The market serves as a popular location for local residents to buy goods and produce, as well as culinary treats and unique merchandise. At the same time, it is also listed along with such historic Philadelphia tourist destinations as Independence Hall and the Liberty Bell. CEO and general manager Annie Allman extols the market as the place "where tourists come to see Philadelphians in their natural habitat."

The market is adjacent to two Marriott Hotels, a Hilton Garden Inn, the Pennsylvania Convention Center, SEPTA's Jefferson Station, Chinatown, Philadelphia, and another Philadelphia landmark, the Fashion District Philadelphia shopping mall.
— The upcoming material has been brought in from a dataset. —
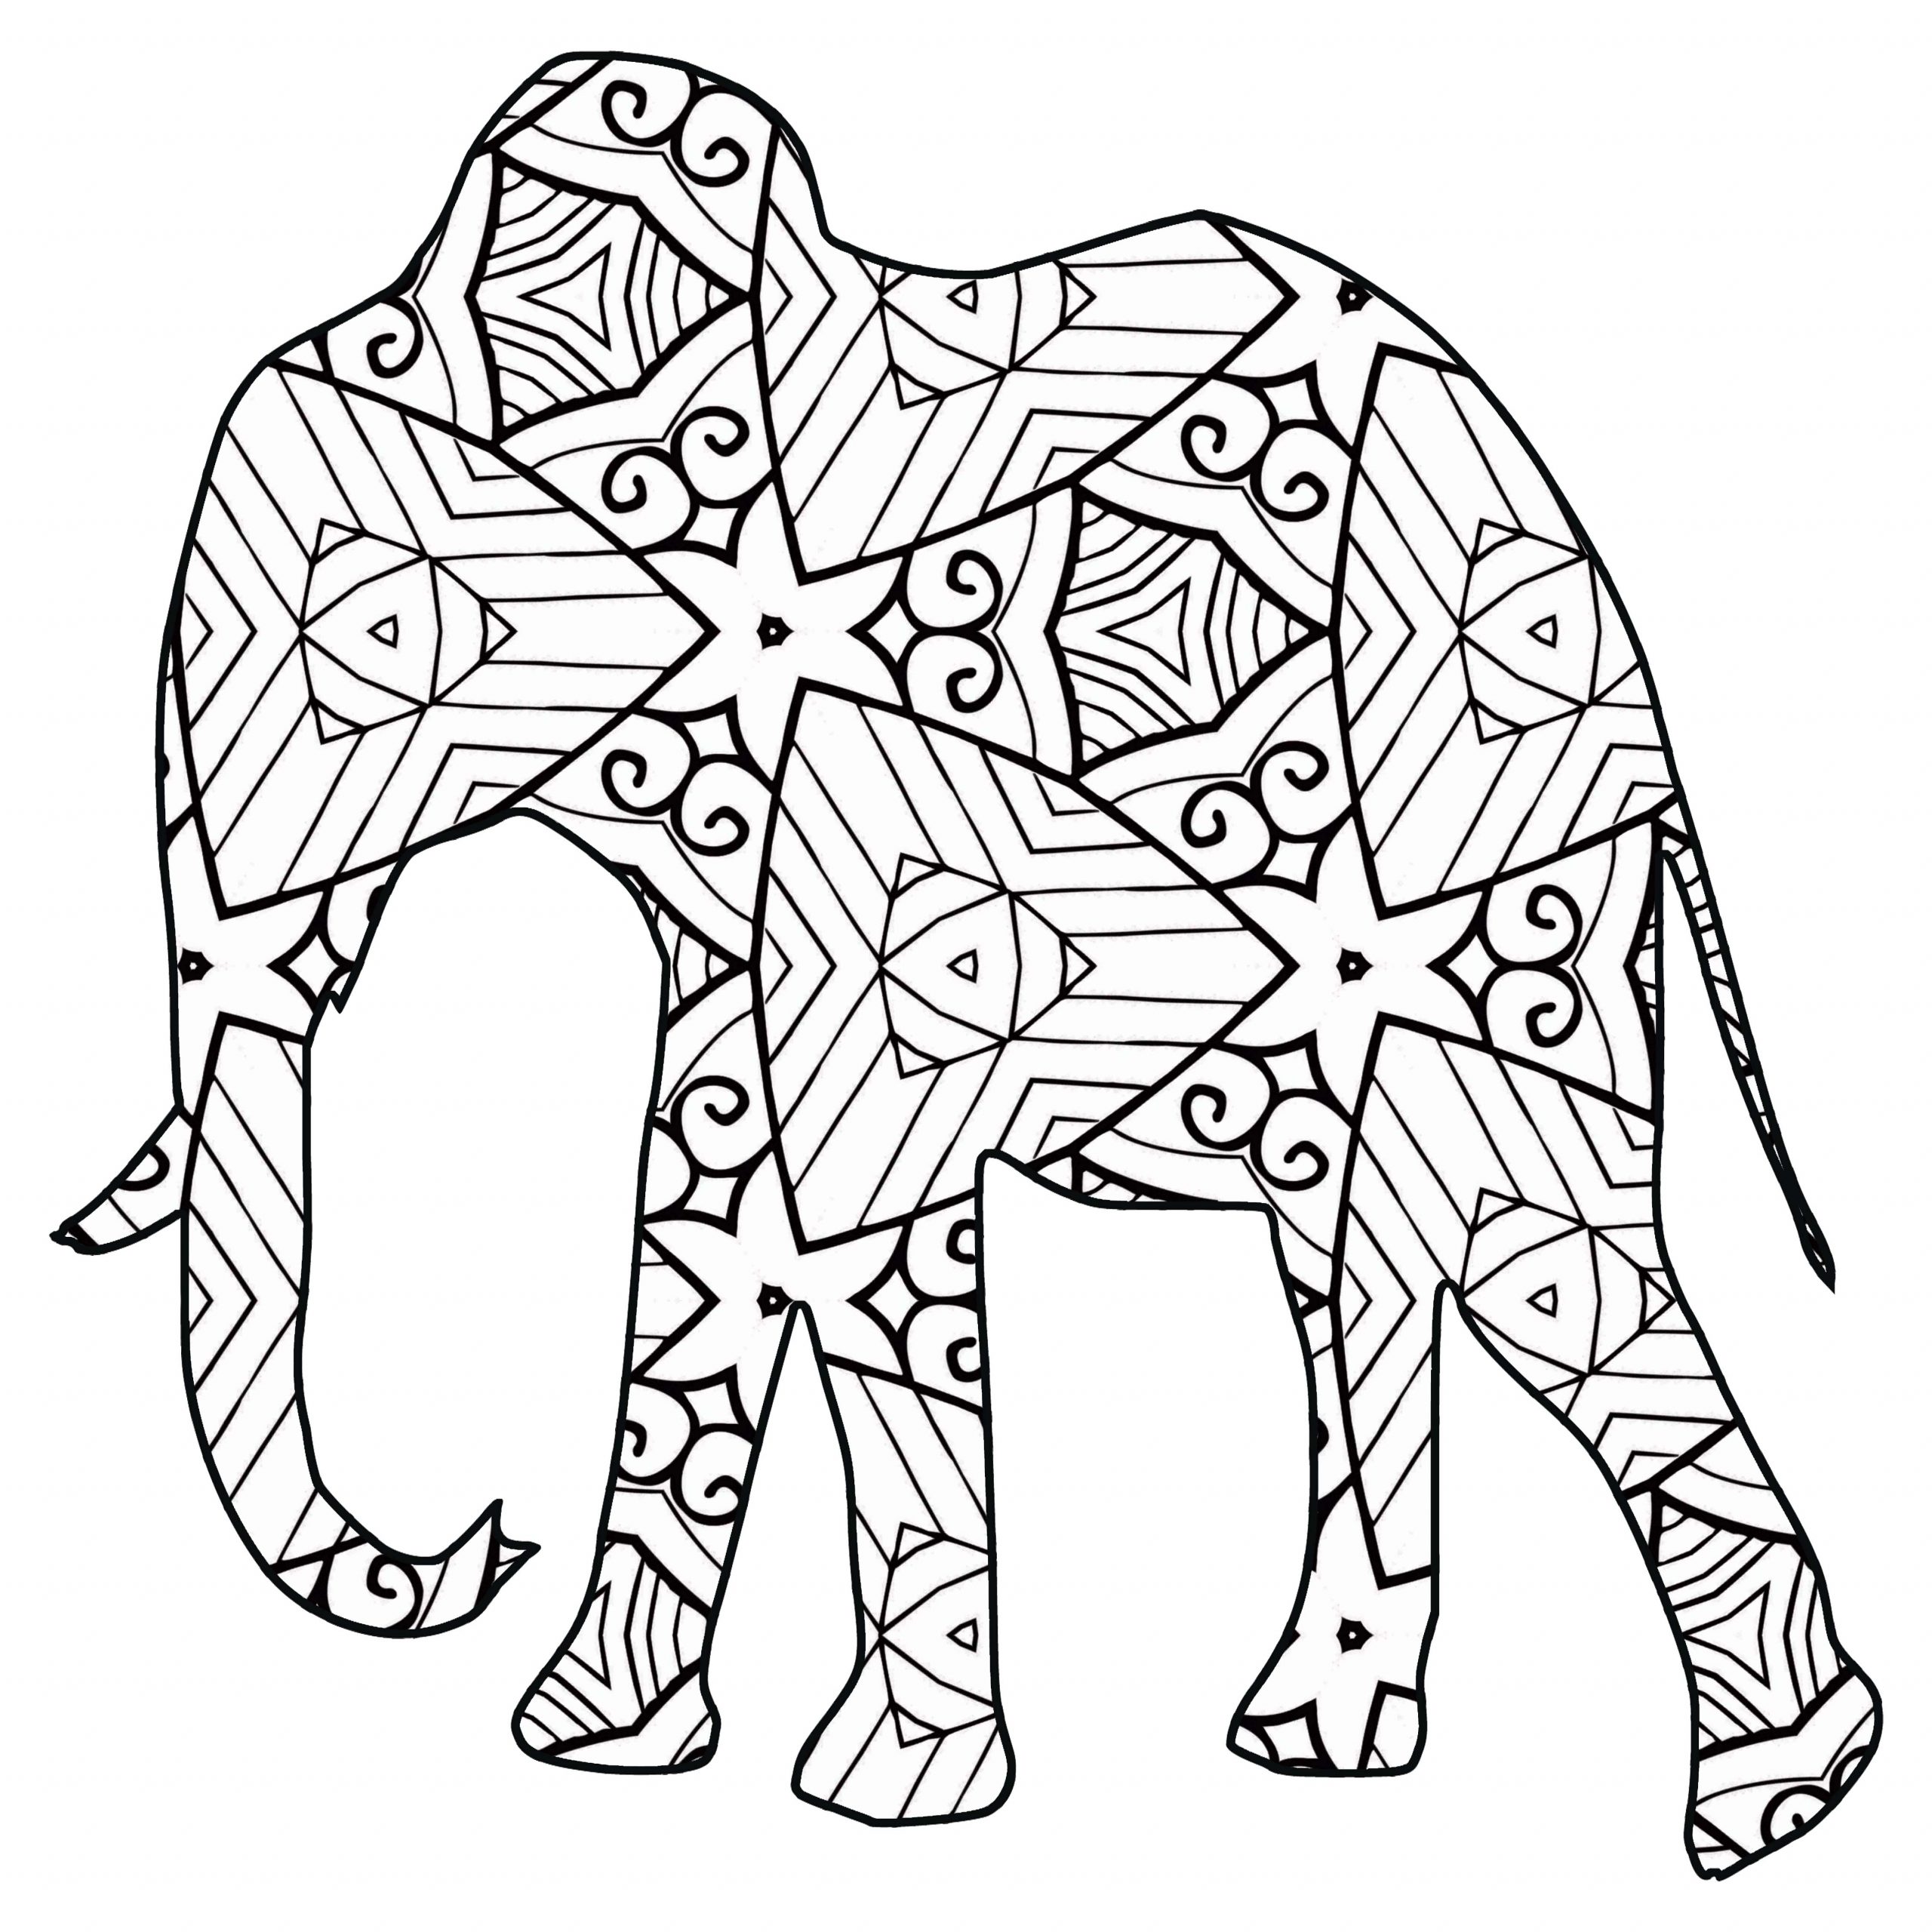 Coloring Pages : Coloring Staggering Animal Photo For Adults Free ...

As addressed in the Reading Terminal Market's official mission statement, the current organization wants:
- To preserve the architectural and historical character, and function, of the Reading Terminal Market as an urban farmers' market.
- To provide a wide variety of produce, meat, fish, bakery and dairy products, and other raw and prepared food, brought to a public market in the center of the city by farmers, growers, producers and chefs;
- To maintain an environment that recognizes and celebrates the diversity of our citizens and fosters their interaction;
- To strengthen the historic link and mutual dependency of our rural and urban communities; and,
- To achieve this, while preserving the financial viability and achieving self-sufficiency for the Market.

These values illustrate the current goals that the Market community strives for as a collective of service providers.

The present day market has also continued to evolve in terms of the types of merchants that have their businesses in the market; it has shifted from being a place with only produce, delis and fish counters to a more dynamic merchant selection. In addition to longstanding vendors such as Bassett’s Ice Cream—which first signed a lease at Reading Terminal Market in 1893—the market has innovated in recent years, introducing new types of vendors and experimenting with pop-up food carts. In addition to mainstays such as butchers and fishmongers, the market is home to the non-profit Fair Food Philly’s market stand, a gourmet corn-dog vendor, a winery, and a beer hall. Day-carts—which have typically housed the wares of souvenir sellers and arts and crafts vendors—now may sell foods and beverages. One of the newest vendors to operate a day-cart is a craft distiller of spirits.

Besides the up-and-coming vendors that have made themselves a part of Reading Terminal Market, a variety of events have come out of the continued development of the market. Some of these events include a "beer-tasting extravaganza", “Breaking Bread, Breaking Barriers: Food as a Bridge to Cultural Understanding” series and a community gathering benefiting local Syrian refugees who are getting to know their neighborhood.

== References in popular culture ==
Philbert the pig, a sculpture by Eric Berg, is the Market's mascot and donations made to this 'piggy bank' go to support healthy eating programs at The Food Trust.

The market has been a filming location for several major motion pictures including Trading Places and National Treasure. More specifically, one of the market's stands, Tommy DiNic's Beef and Pork, was featured on the Travel Channel show Man v. Food as well as Adam Richman's Best Sandwich in America. Mueller Chocolate Co. was featured on Guilty Pleasures on the Food Network, as well as on Bizarre Foods with Andrew Zimmern.